In towns where Ukrainians lived in Britain, carol singing would be the norm when I was growing up. Sometimes we even had vertepy plays. These traditions are less observed today as young people have little spare time and many have become assimilated. When young British-Ukrainian join Ukrainian carol singing groups today they do so in anticipation of a drunken night out, rather than for any spiritual reasons or a desire to support the Ukrainian community (carol singing collected funds for the community).
Nevertheless, a Ukrainian Christmas eve dinner was held this year at the Halifax Ukrainian club which 100 people, including myself, attended. Our family sat on the Italian-Ukrainian table as Halifax has many mixed marriages between Ukrainians and Italians, Austrians, Irish and Germans from Bavaria, a reflection of a large number of Ukrainian men arriving after the war (including 10,000 from the Galicia Division) but few Ukrainian women and of these men being from western Ukraine and therefore Catholics. A carol singing group was organized this year in Halifax as it has been for decades by my father who told me they visited over 35 houses in one day alone.
Living in North America, Ukrainian traditions are both different and similar. Toronto is a major center of Ukrainian diaspora life in Canada and has over 12 Ukrainian Catholic, as well as Orthodox, Churches. At the same time, the Ukrainian area of Toronto does not possess a single Ukrainian pub or restaurant by the older diaspora! The only pub-restaurant in Toronto is the Golden Lion (Zolotyi Lev) established by the fourth immigrant wave.
In my travels throughout the West, including Australia, I have reached the conclusion that the Ukrainian diaspora has inevitably integrated some local customs and culture. This is less true of the older generation than the younger who were born outside Ukraine, but it nevertheless still holds true even for older diaspora Ukrainians.
In Britain and Australia the tradition of pubs has been translated by the diaspora into Ukrainian clubs with bars. The typical Ukrainian community in a British town included a community building owned by the Association of Ukrainians (Sojuz Ukraintsiv [SUB]) or the Federation of Ukrainians (Obiednannia Ukraintsiv), a Saturday school, choir, dance group, youth and women’s groups and a Club modeled on a pub.
In Toronto, it is surprising coming from the British-Ukrainian tradition to find not a single Ukrainian pub. This is not all that surprising when one considers that Protestant Presbyterianism (of the extreme Scottish variant) in Canada and Puritinism in the USA are both similarly hostile to alcohol.
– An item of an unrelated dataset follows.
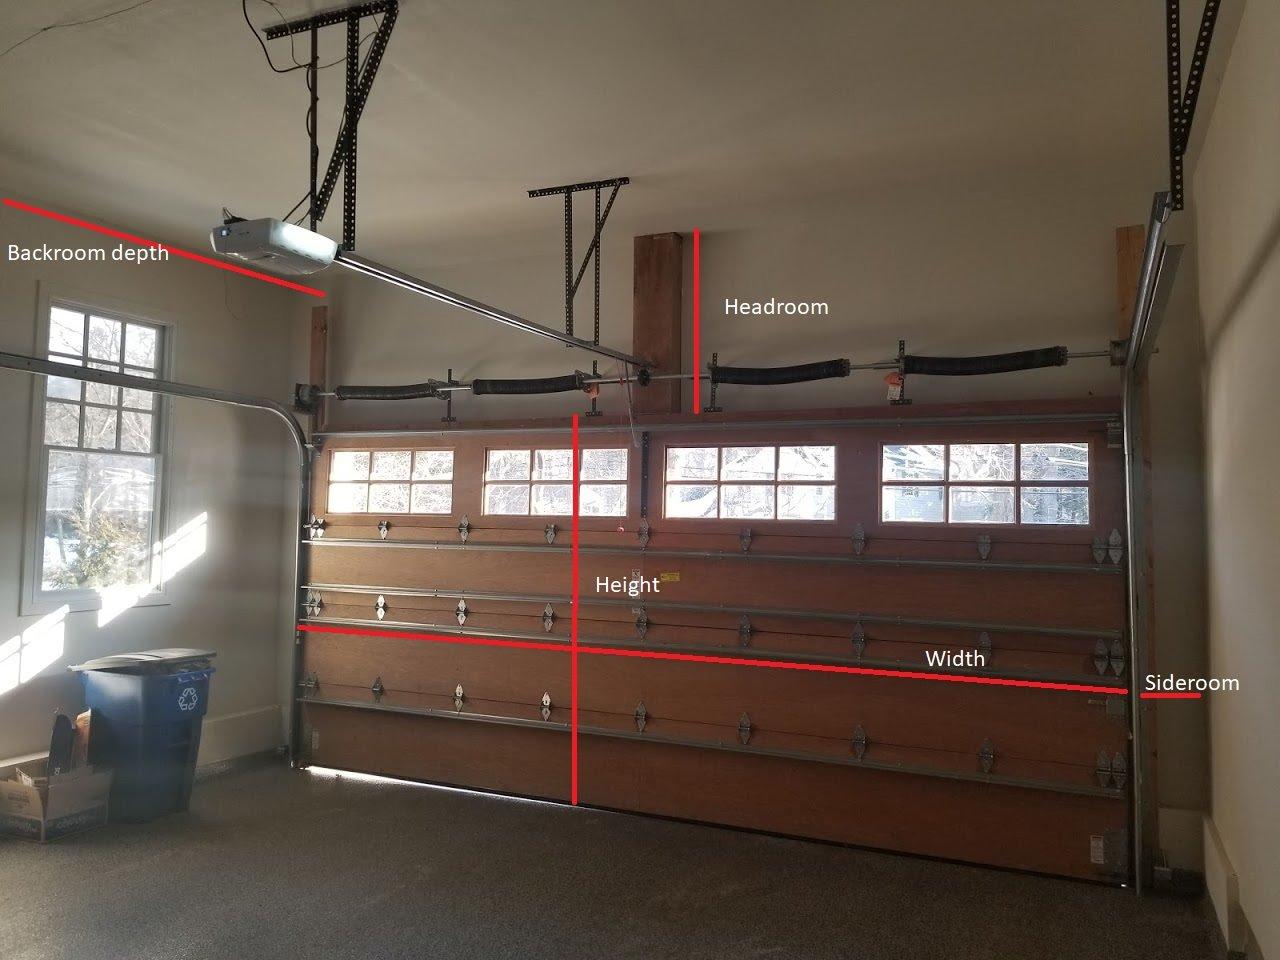 What is garage door headroom; Headroom, height, width, sideroom, backroom depth; garage door installation

This has translated into only the state being allowed to sell alcohol in Ontario and a legal drinking age of 21 in the US. The only region where you are likely to be offered an alcoholic drink at lunch time in North America is in French-speaking and Catholic Quebec. Unlike Protestants, Catholics seem to be able to enjoy themselves on earth.
If we were in Toronto on Ukrainian Christmas, we traditionally attended a meal with friends and their family. Following the meal we would go to midnight mass at the Ukrainian Catholic Cathedral.
Toronto is famous though, for its Malanky on 13 January which young people travel to from all over Canada and the US to attend. These Malenky are organized by youth groups, Churches and institutions.
In our nearly six years in Canada we have attended two Malenky. One was in the sprawling Toronto suburb of Mississauga where many Ukrainians live. It seemed very different to what we remembered from Britain as it was held in a large convention hall, rather than in a Ukrainian club (as in Britain). The second Malanka we attended was in St. Vladimir’s Institute in downtown Toronto. A well known institute that goes under ‘Volodymyr’ in the Ukrainian language, the Malanka was a traditional evening of events and music far more similar to the traditional Malanka that we remembered in Britain.
Merry Christmas and a Happy New Year to all readers of this Blog!
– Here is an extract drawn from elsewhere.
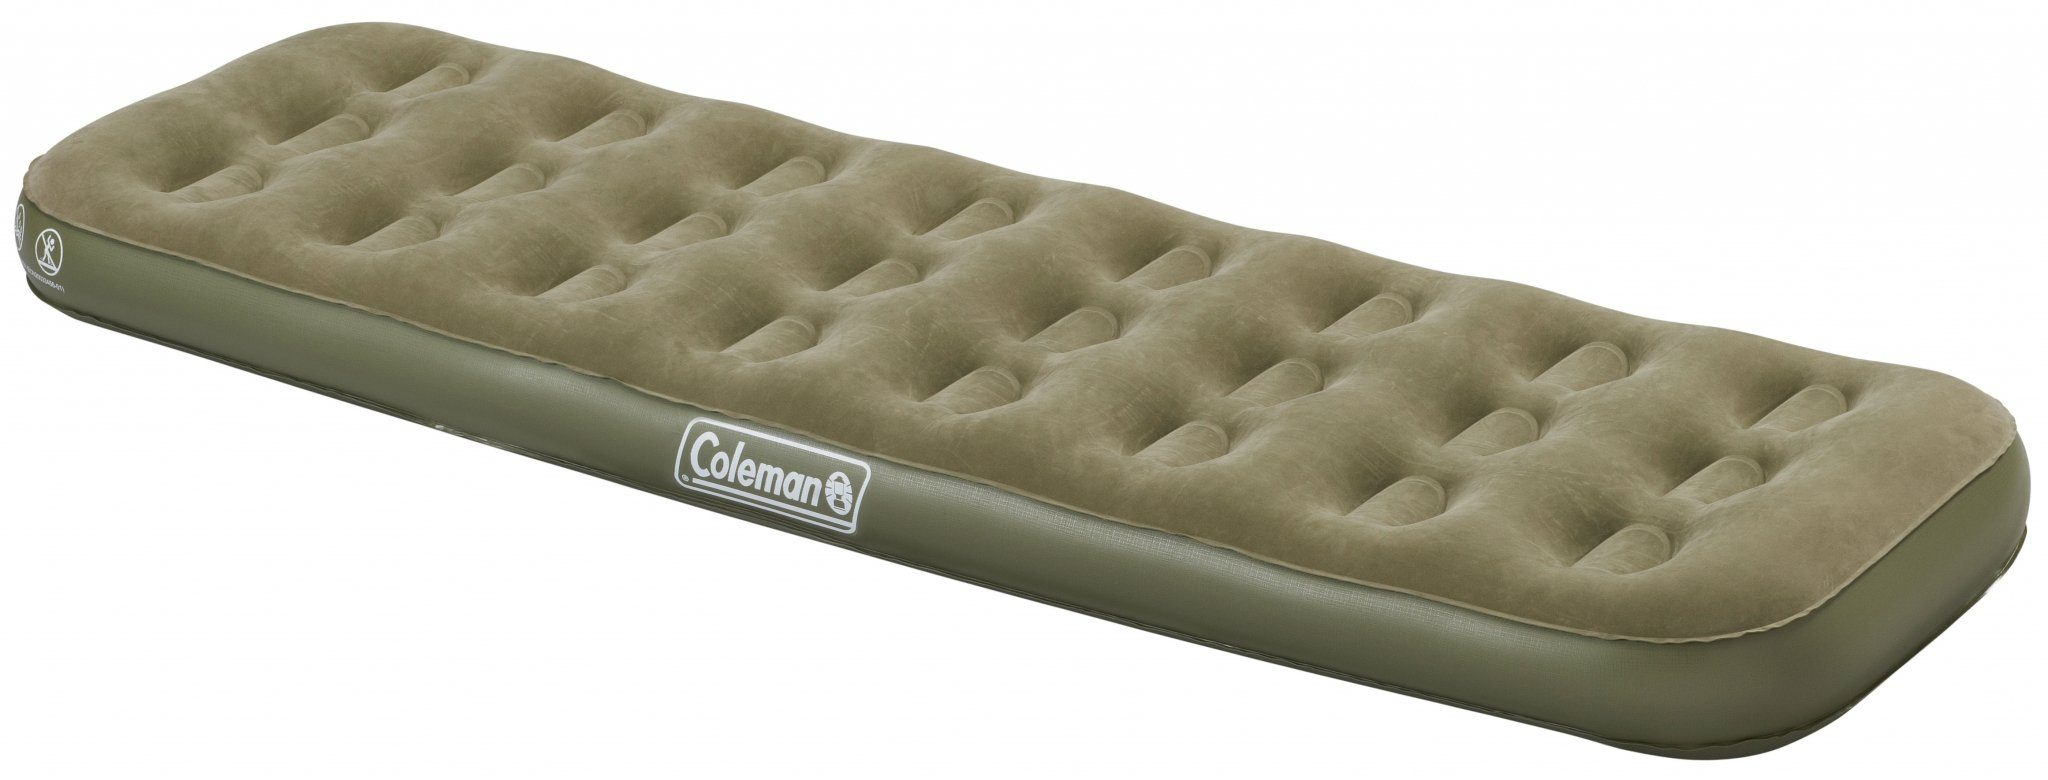 COLEMAN Bett & Liegen »Comfort Compact«

  1. 2 Responses to “Christmas and New Year in Britain and North America”

  2. Merry Christmas to you too!

    try and get these posts transferred over here sooner…

    dlw

    By dlw on Jan 18, 2007

  3. I have read your work and wanted to ask you a question. Do you know what the statistics are for Ukrainians (immigrants and Ukrainian Americans) intermarrying with other ethnicities/races? Is it common?